### Problem details
Reproduce the whole listing exactly, omitting any picture it holds.

⁂

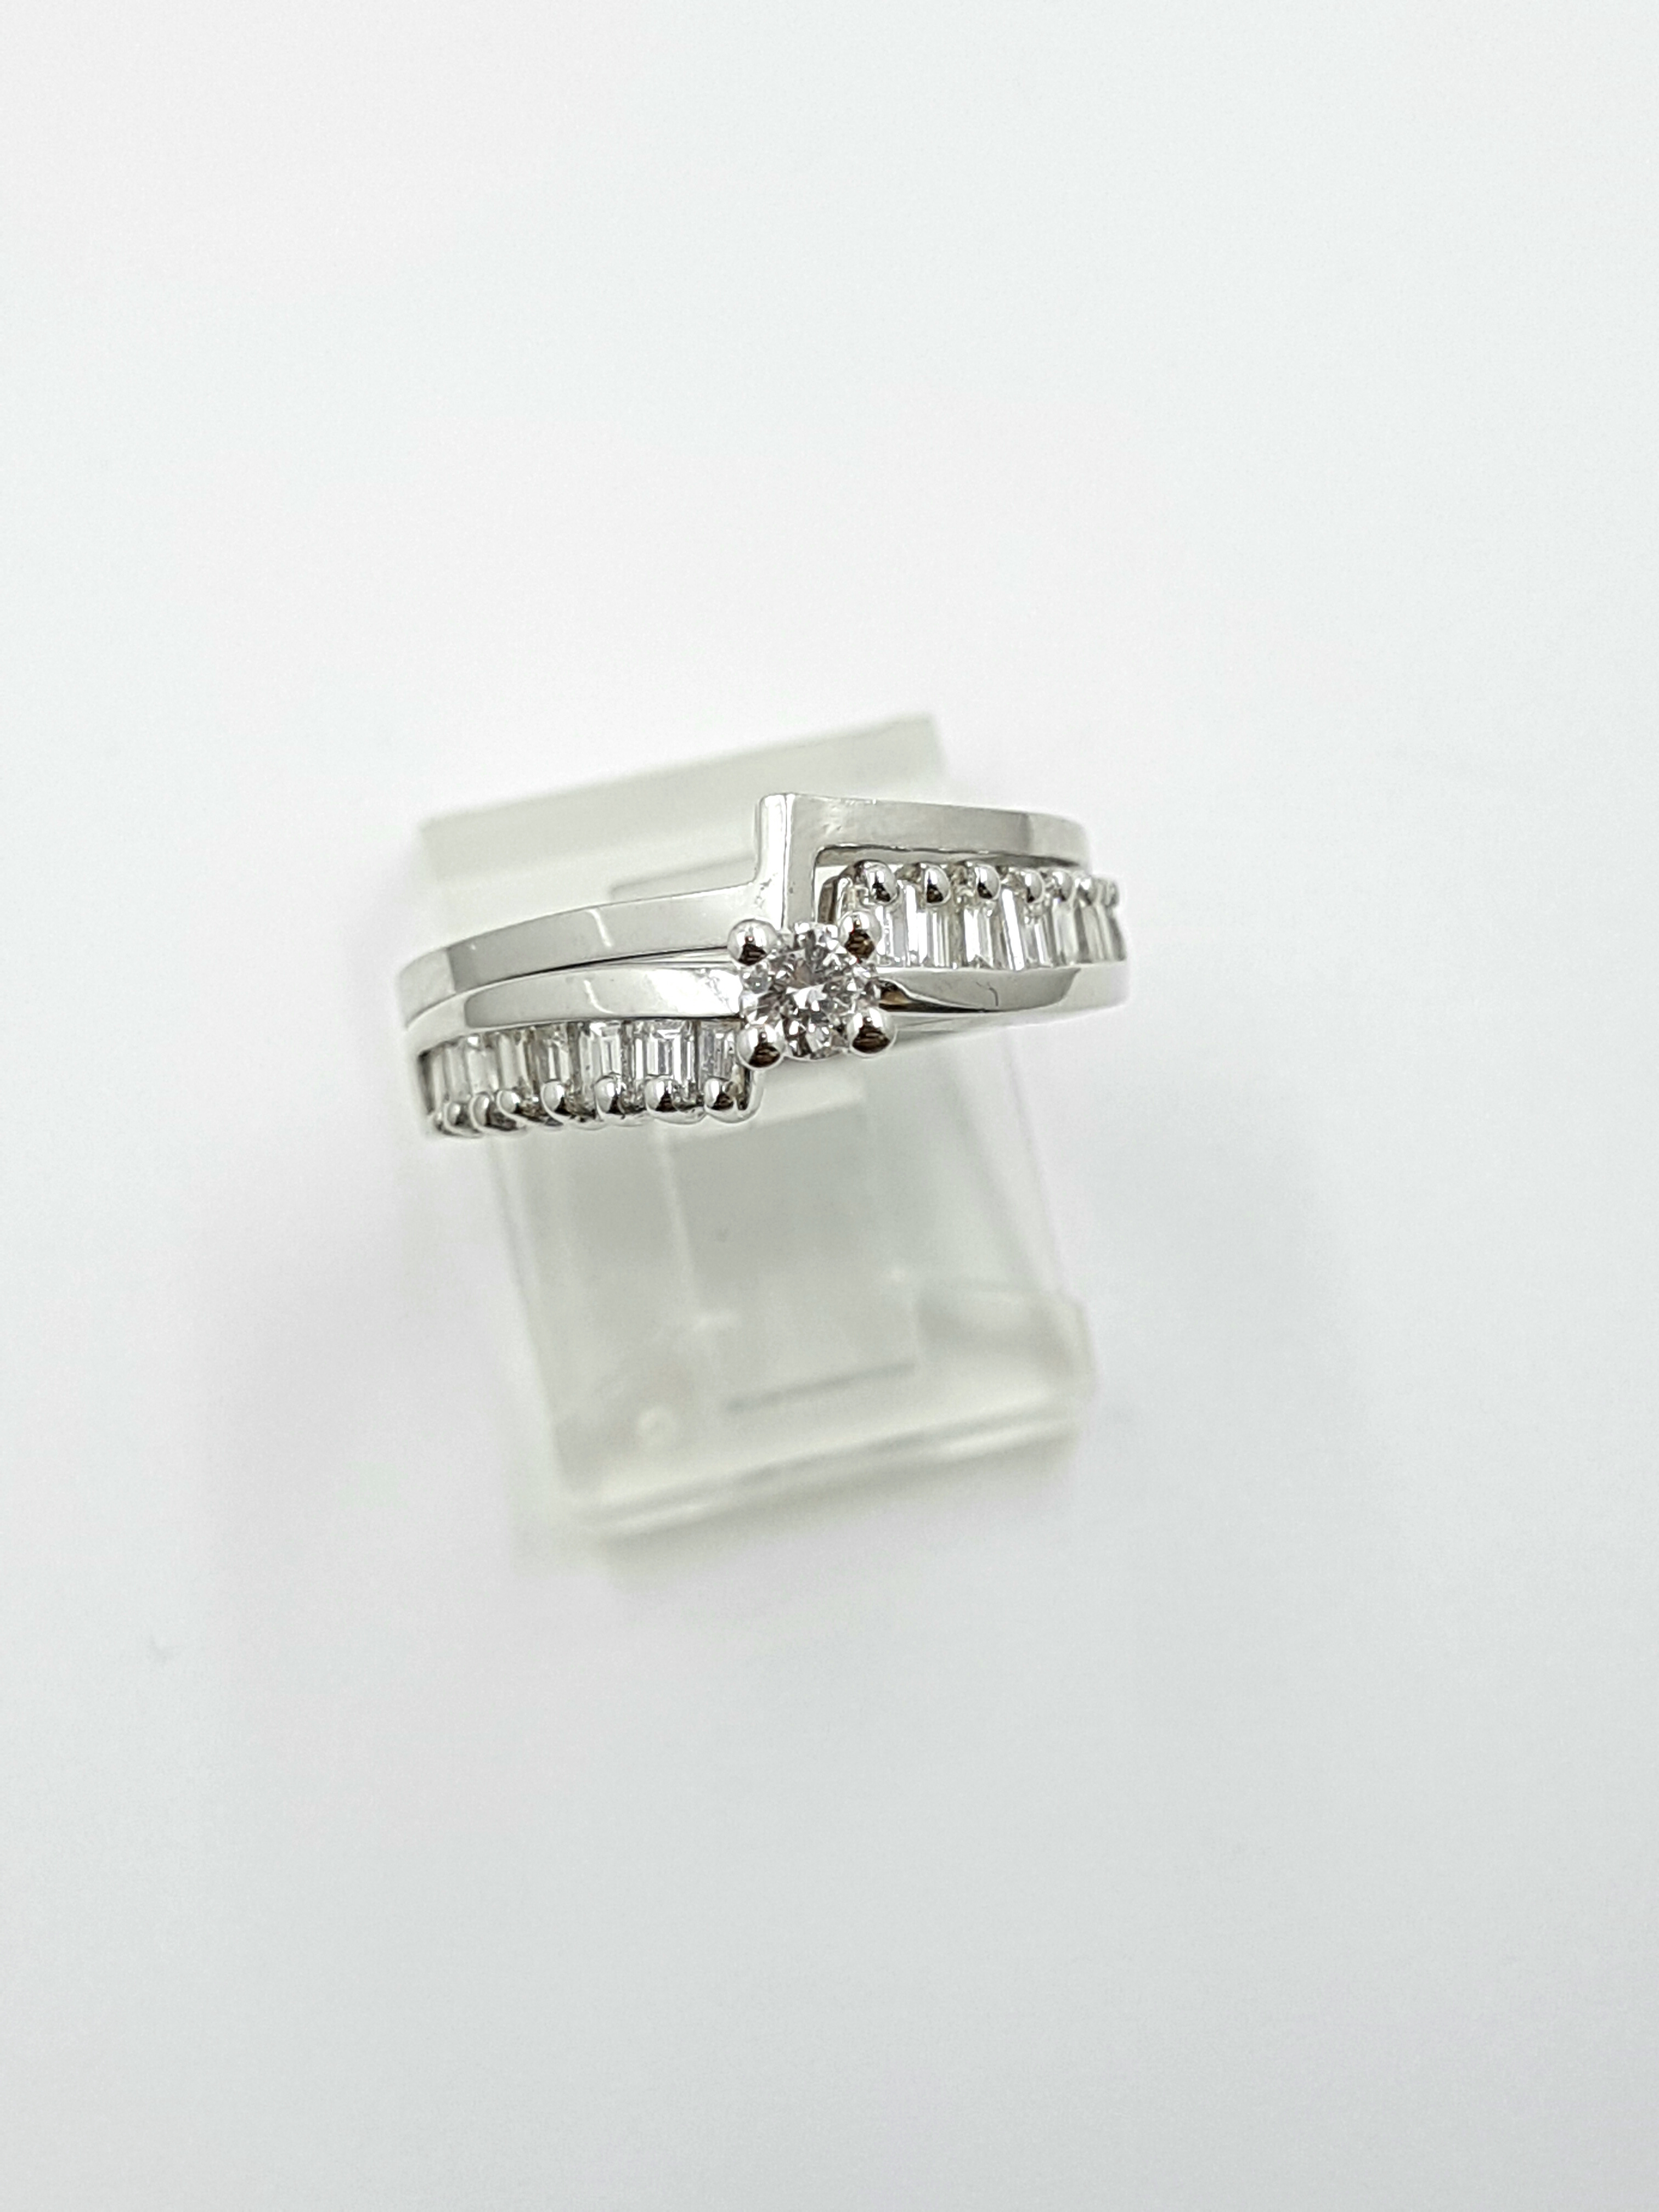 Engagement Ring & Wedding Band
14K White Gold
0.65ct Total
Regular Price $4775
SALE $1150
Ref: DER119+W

⁂

### Response
 Engagement Ring & Wedding Band
14K White Gold
0.65ct Total
Regular Price $4775
SALE $1150
Ref: DER119+W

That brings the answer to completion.